### INPUT DATA
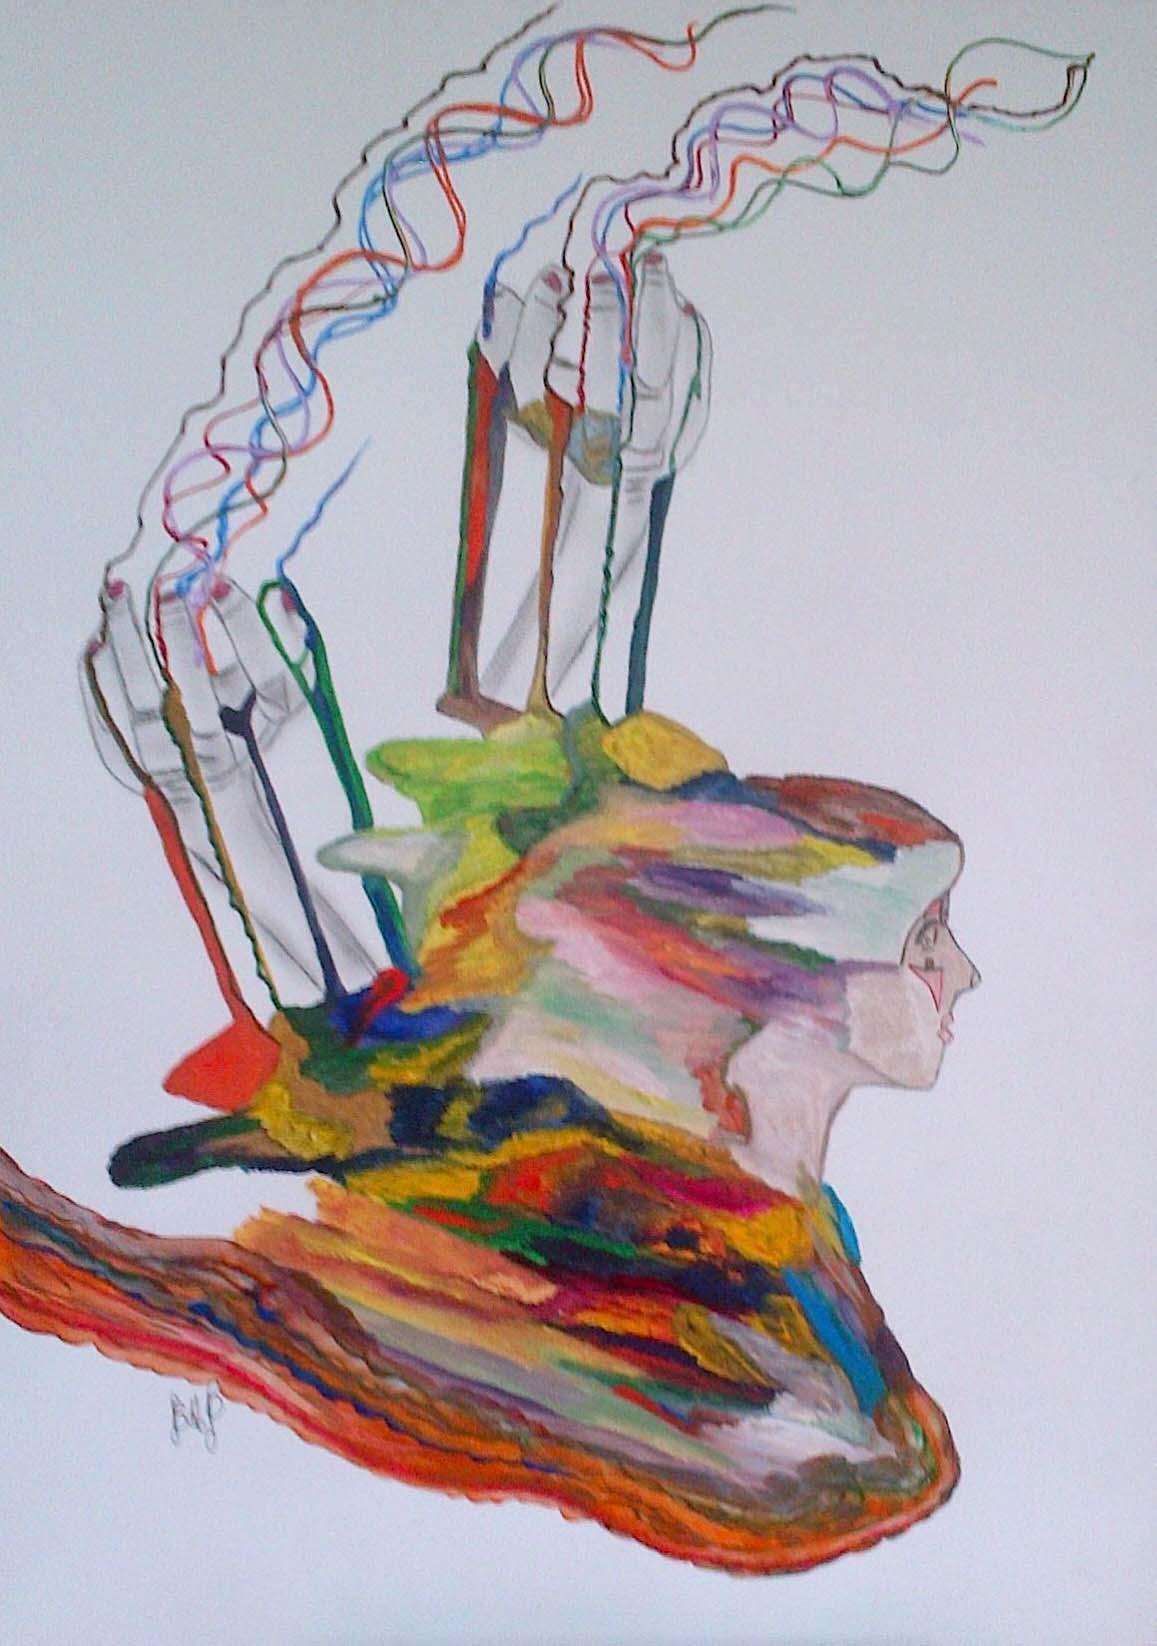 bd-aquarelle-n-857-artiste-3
...
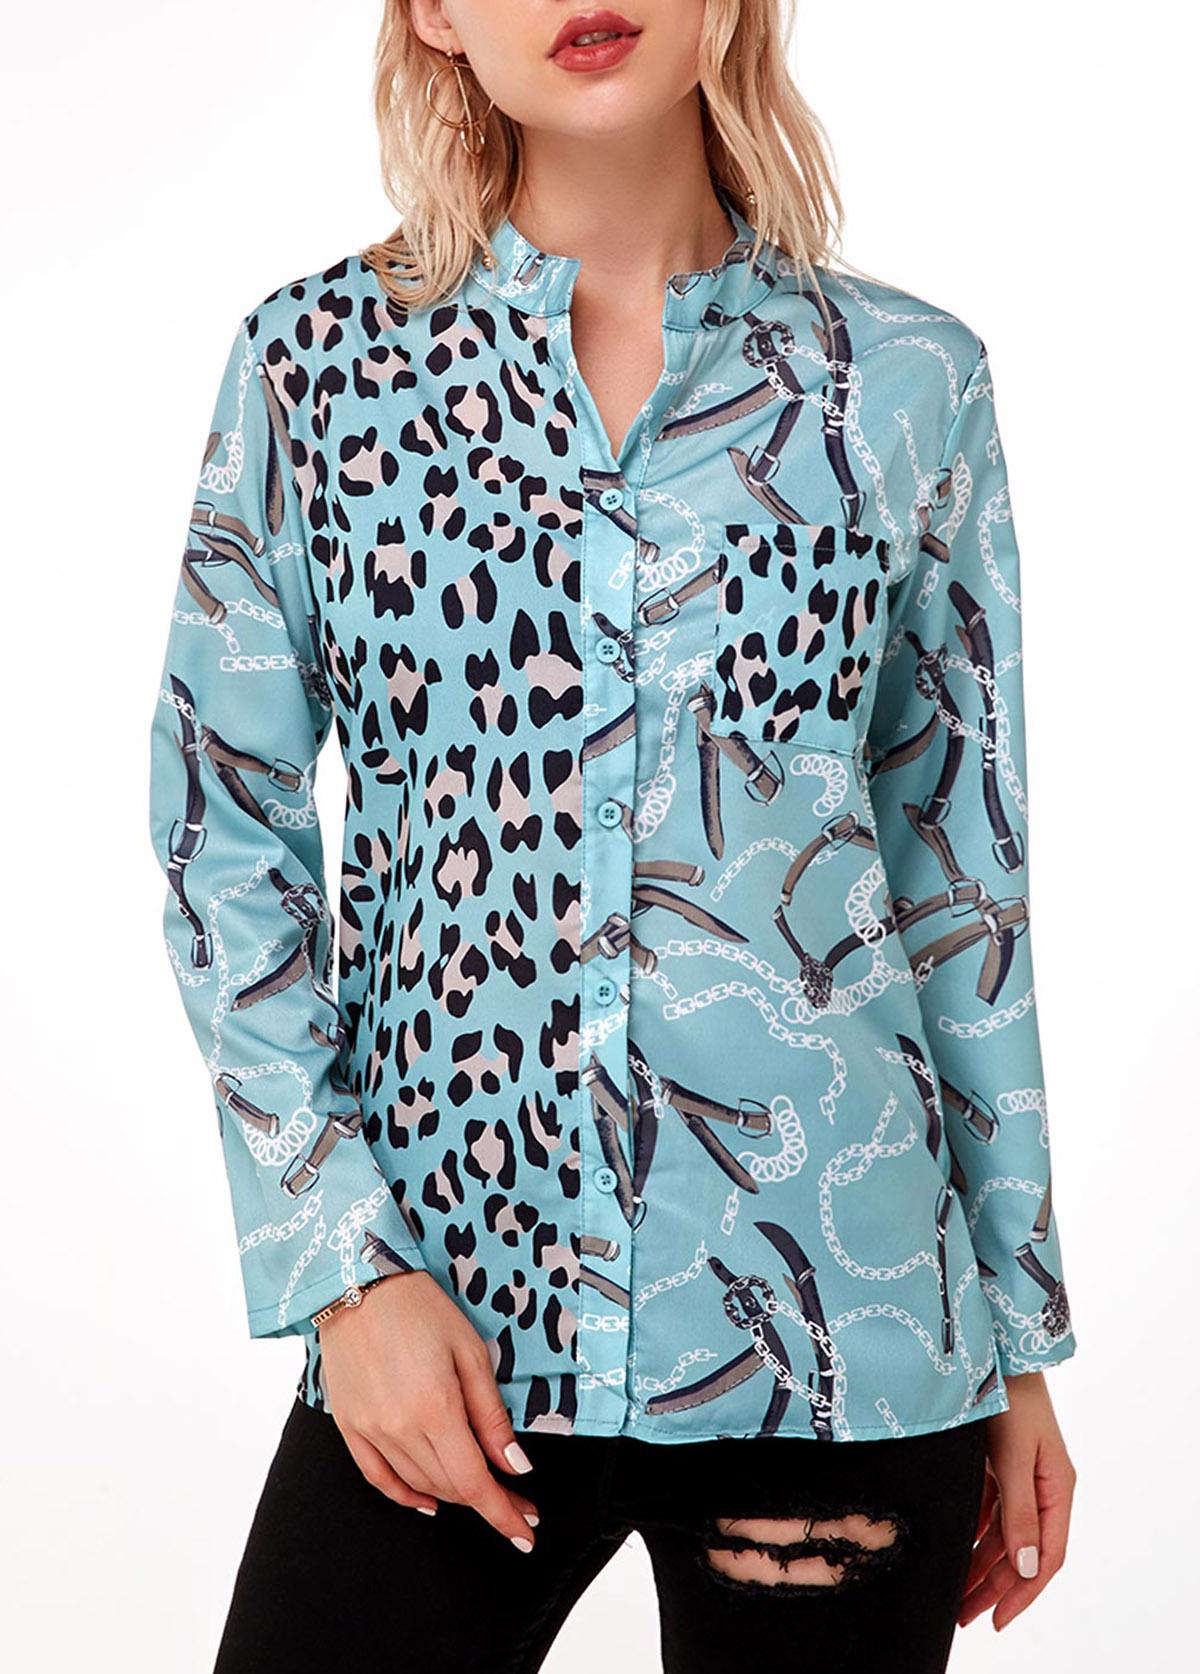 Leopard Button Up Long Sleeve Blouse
--
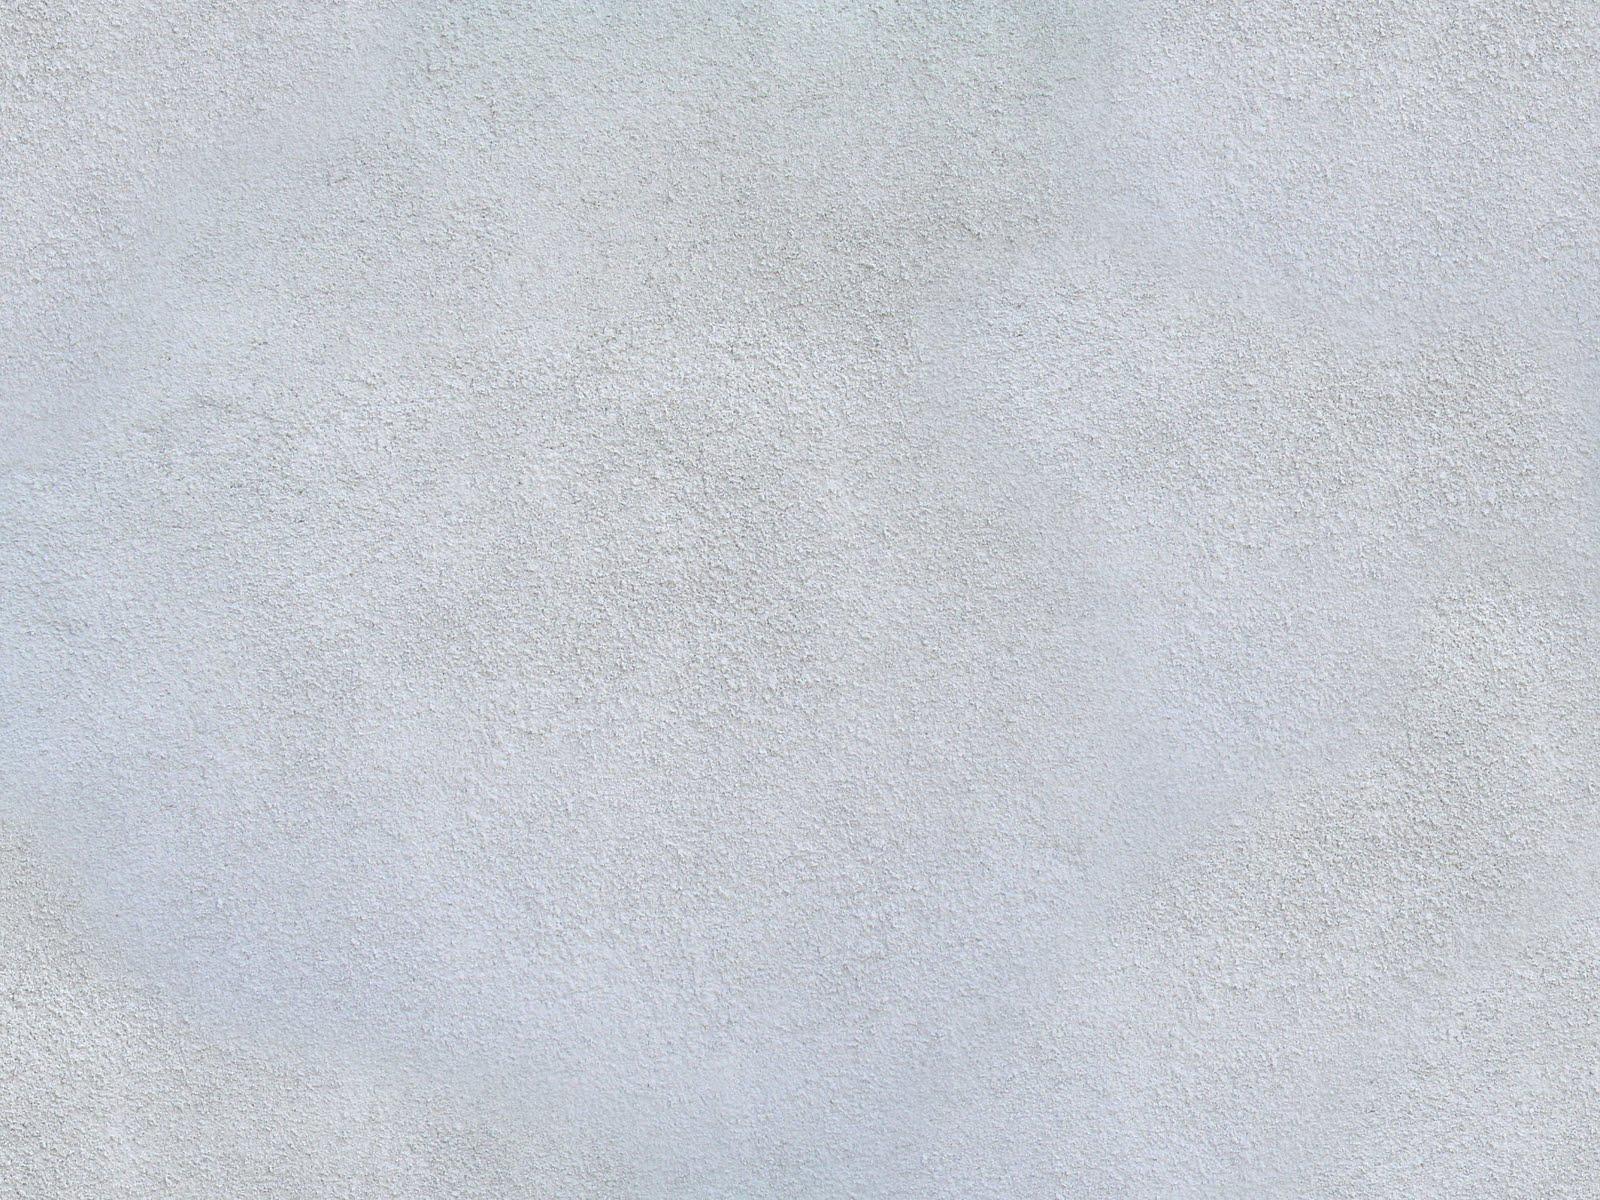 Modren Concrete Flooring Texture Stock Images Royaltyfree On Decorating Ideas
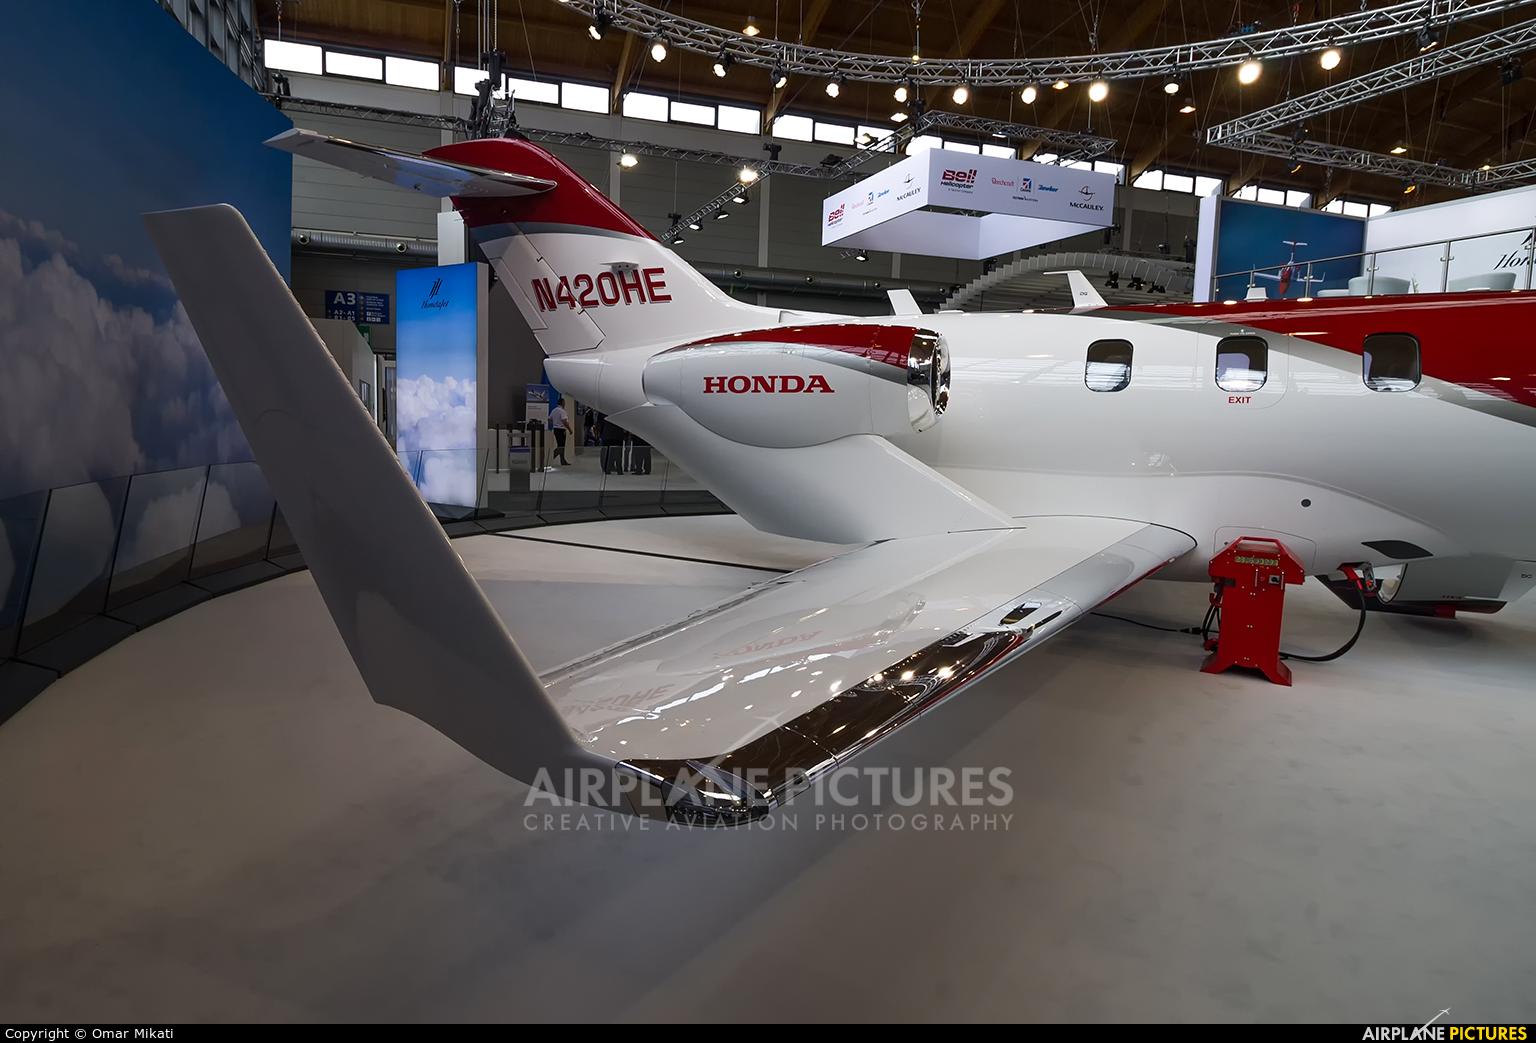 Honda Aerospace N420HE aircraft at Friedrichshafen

### DIRECTIONS
Work from the entries above. Set down exactly and only the lines from the line with "Modren Concrete Flooring" to the line with "Honda Aerospace N420HE", both included, and leave the pictures out.

### ANSWER SECTION
 Modren Concrete Flooring Texture Stock Images Royaltyfree On Decorating Ideas
 Honda Aerospace N420HE aircraft at Friedrichshafen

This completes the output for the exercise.